Segment Start: EXTRACTED MATERIAL

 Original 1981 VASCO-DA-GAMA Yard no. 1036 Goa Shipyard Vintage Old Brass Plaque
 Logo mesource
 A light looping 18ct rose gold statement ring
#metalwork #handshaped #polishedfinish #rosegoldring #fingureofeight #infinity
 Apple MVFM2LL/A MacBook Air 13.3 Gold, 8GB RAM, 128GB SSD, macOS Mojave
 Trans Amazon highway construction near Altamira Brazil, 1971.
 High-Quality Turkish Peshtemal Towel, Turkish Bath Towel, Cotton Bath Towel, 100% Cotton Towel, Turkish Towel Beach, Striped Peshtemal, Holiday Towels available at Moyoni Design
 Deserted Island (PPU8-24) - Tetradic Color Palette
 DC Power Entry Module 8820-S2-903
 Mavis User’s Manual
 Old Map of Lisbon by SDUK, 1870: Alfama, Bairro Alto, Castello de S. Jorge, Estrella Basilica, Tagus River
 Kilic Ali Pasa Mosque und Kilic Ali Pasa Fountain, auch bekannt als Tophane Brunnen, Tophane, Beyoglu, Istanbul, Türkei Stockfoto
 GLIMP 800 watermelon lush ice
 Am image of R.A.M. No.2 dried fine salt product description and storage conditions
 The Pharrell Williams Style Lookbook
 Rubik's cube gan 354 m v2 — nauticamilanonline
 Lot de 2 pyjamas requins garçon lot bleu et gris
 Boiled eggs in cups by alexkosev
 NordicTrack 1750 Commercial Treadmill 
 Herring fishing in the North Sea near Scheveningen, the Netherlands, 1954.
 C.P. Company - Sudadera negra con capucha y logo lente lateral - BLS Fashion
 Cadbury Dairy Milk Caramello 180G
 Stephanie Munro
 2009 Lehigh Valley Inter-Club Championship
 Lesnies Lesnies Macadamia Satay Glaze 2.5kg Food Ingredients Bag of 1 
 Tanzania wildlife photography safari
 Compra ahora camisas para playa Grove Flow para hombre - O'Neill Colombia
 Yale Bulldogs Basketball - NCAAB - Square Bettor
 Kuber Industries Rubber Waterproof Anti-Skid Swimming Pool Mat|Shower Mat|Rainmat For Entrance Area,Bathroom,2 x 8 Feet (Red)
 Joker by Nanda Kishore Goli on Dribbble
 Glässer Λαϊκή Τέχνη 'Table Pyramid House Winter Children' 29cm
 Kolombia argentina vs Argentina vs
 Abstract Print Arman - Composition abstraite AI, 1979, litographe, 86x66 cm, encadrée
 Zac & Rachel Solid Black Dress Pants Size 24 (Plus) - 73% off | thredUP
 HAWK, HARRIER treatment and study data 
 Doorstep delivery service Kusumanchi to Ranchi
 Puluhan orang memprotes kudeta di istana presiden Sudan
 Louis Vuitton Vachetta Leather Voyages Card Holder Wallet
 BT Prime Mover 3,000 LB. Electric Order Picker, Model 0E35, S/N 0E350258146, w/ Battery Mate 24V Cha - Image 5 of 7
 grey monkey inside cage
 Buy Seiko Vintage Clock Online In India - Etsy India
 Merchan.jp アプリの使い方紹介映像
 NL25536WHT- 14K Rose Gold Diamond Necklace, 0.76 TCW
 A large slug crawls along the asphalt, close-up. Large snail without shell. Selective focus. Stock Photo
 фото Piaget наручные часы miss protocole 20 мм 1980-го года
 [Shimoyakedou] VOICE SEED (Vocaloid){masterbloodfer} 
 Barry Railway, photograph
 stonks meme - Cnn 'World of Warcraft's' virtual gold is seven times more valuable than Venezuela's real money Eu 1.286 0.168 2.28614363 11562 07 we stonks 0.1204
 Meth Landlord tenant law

Segment End: EXTRACTED MATERIAL

**WORK TO BE COMPLETED**.
After locating the line that holds "BT Prime Mover", print it and each line after it through the end of the data, exactly as it stands.

**RESPONSE FOR THIS EXERCISE**.
 BT Prime Mover 3,000 LB. Electric Order Picker, Model 0E35, S/N 0E350258146, w/ Battery Mate 24V Cha - Image 5 of 7
 grey monkey inside cage
 Buy Seiko Vintage Clock Online In India - Etsy India
 Merchan.jp アプリの使い方紹介映像
 NL25536WHT- 14K Rose Gold Diamond Necklace, 0.76 TCW
 A large slug crawls along the asphalt, close-up. Large snail without shell. Selective focus. Stock Photo
 фото Piaget наручные часы miss protocole 20 мм 1980-го года
 [Shimoyakedou] VOICE SEED (Vocaloid){masterbloodfer} 
 Barry Railway, photograph
 stonks meme - Cnn 'World of Warcraft's' virtual gold is seven times more valuable than Venezuela's real money Eu 1.286 0.168 2.28614363 11562 07 we stonks 0.1204
 Meth Landlord tenant law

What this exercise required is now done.